## WORK ITEM
Your reply should set down word for word each line below from the one with "Always a Drama, ©" through the final line, both included, but none of the pictures.

## PROVIDED MATERIAL

---------------

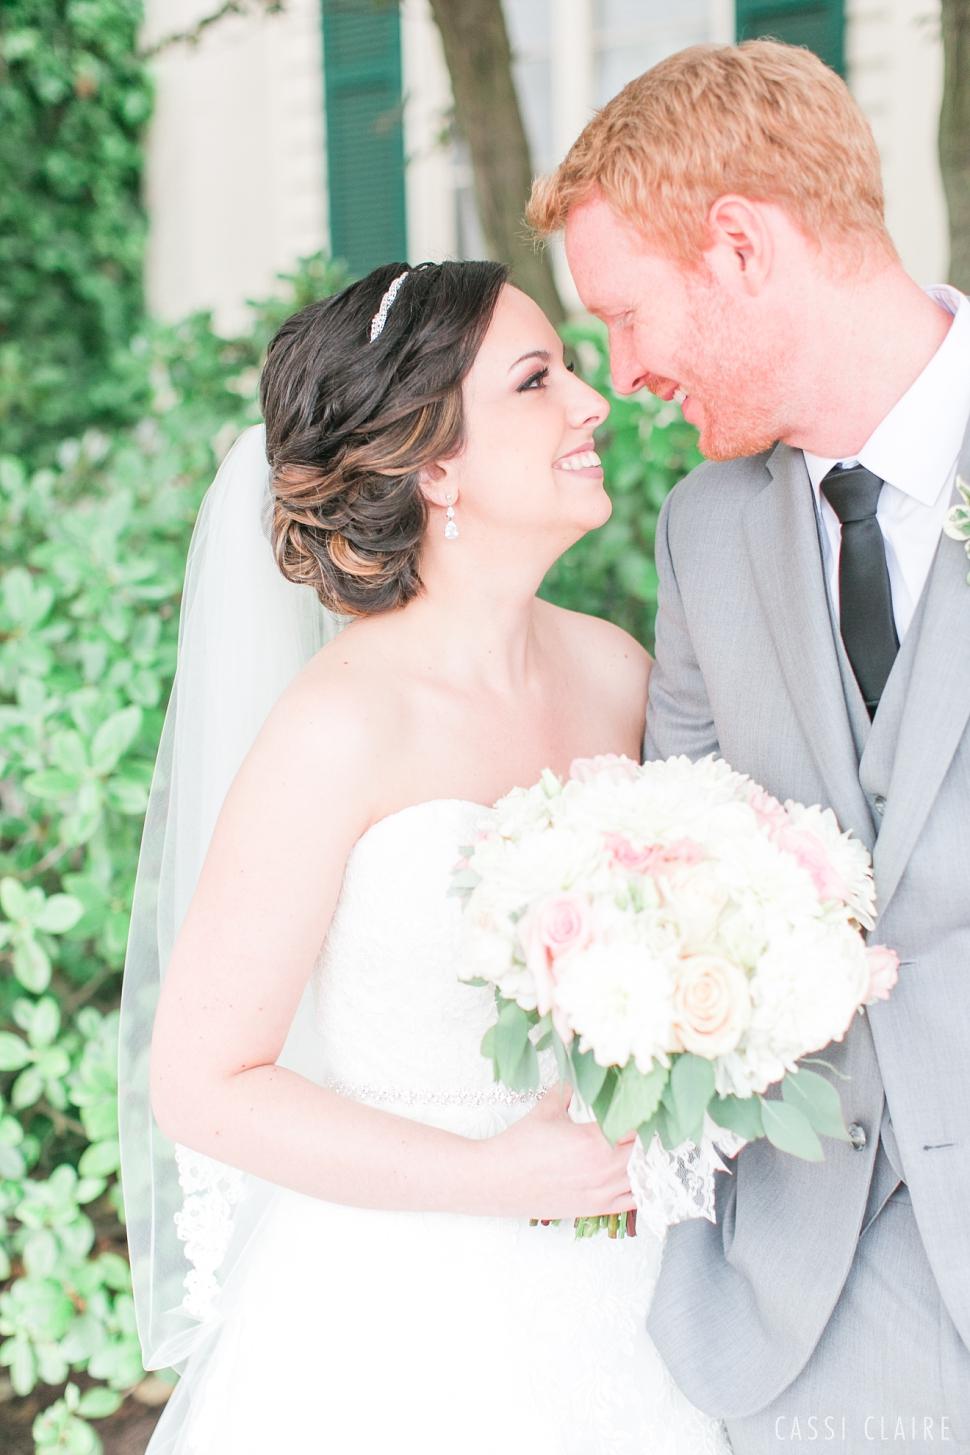 Davids-Country-Inn-Wedding-Photo_15.jpg
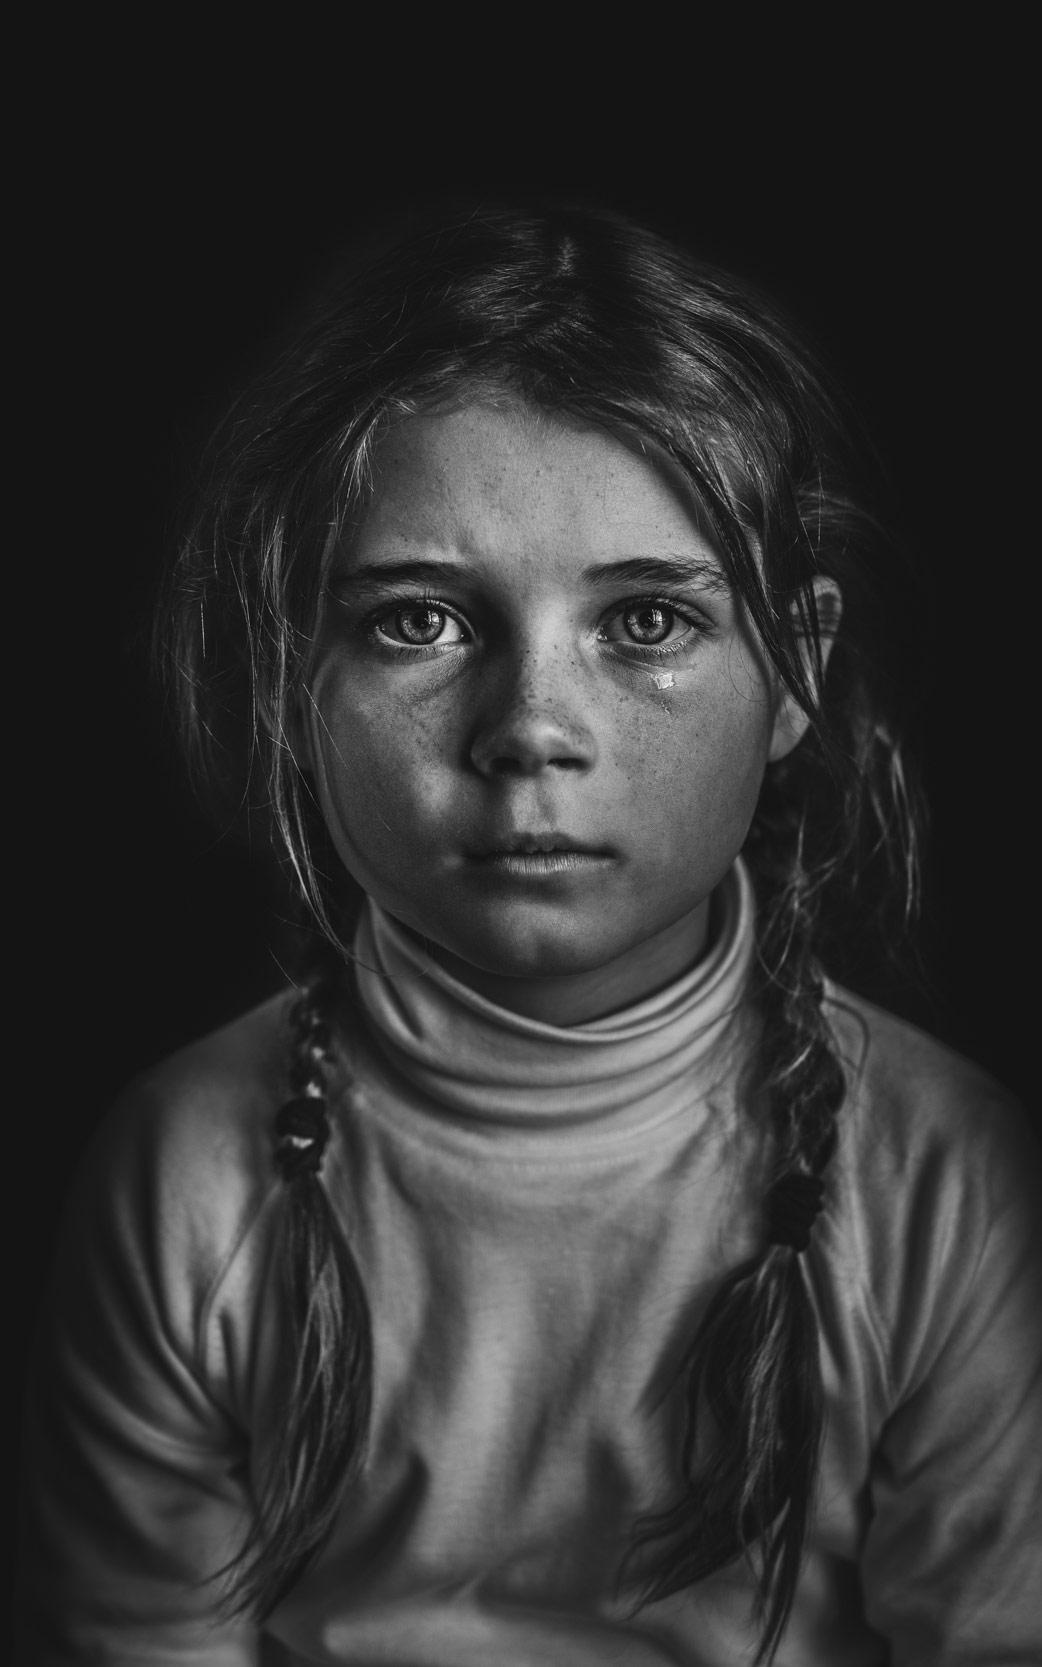 Always a Drama, © Helen Whittle, Australia, B&W Child Photo Contest
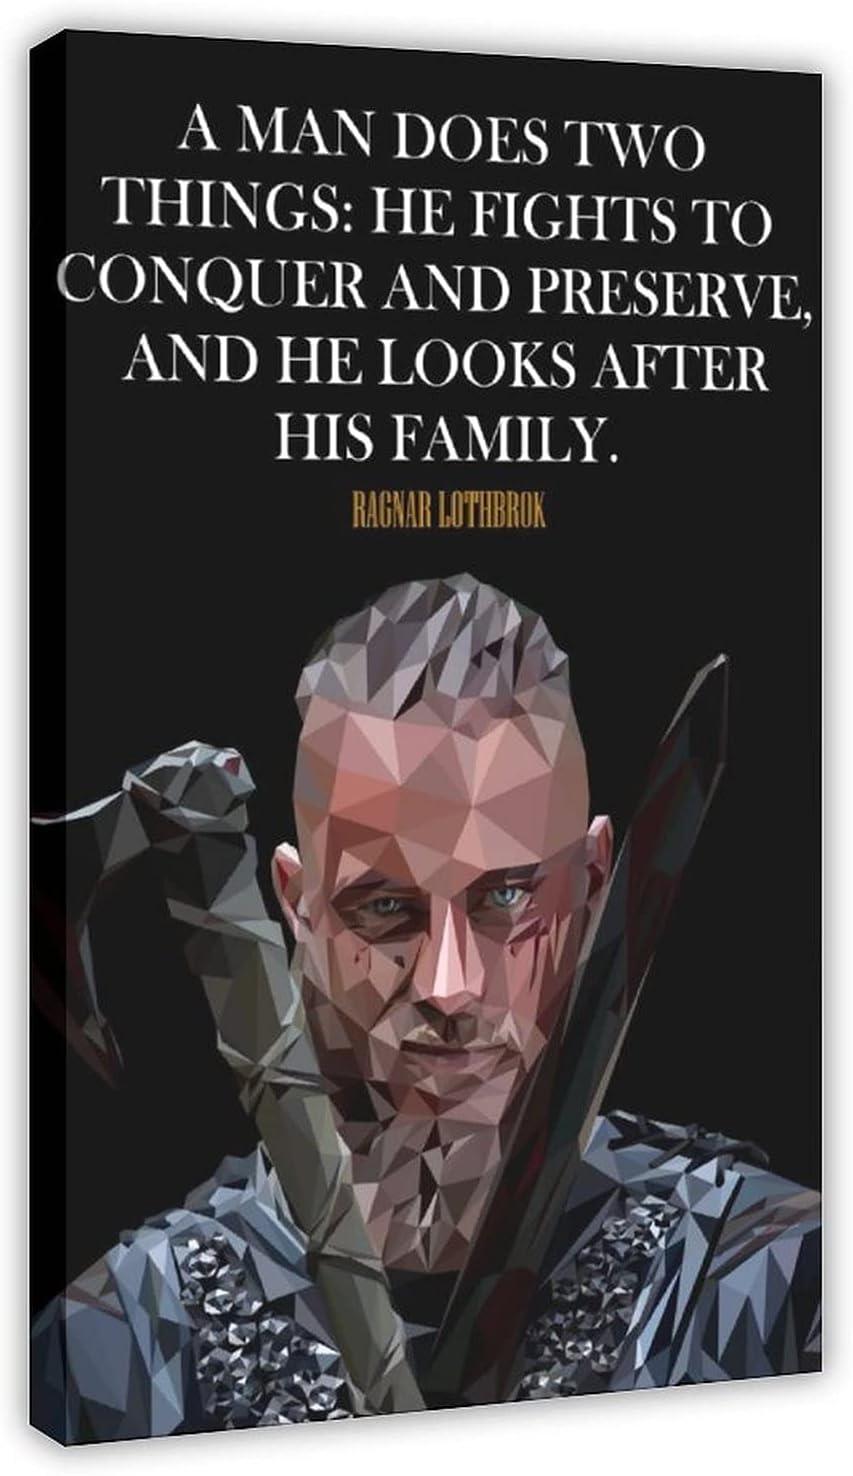 Vikings TV Show Ragnar Alternative dealer Credence Lothbrok Vintage Movie 2 C Classic Poster

---------------

## REPLY
 Always a Drama, © Helen Whittle, Australia, B&W Child Photo Contest
 Vikings TV Show Ragnar Alternative dealer Credence Lothbrok Vintage Movie 2 C Classic Poster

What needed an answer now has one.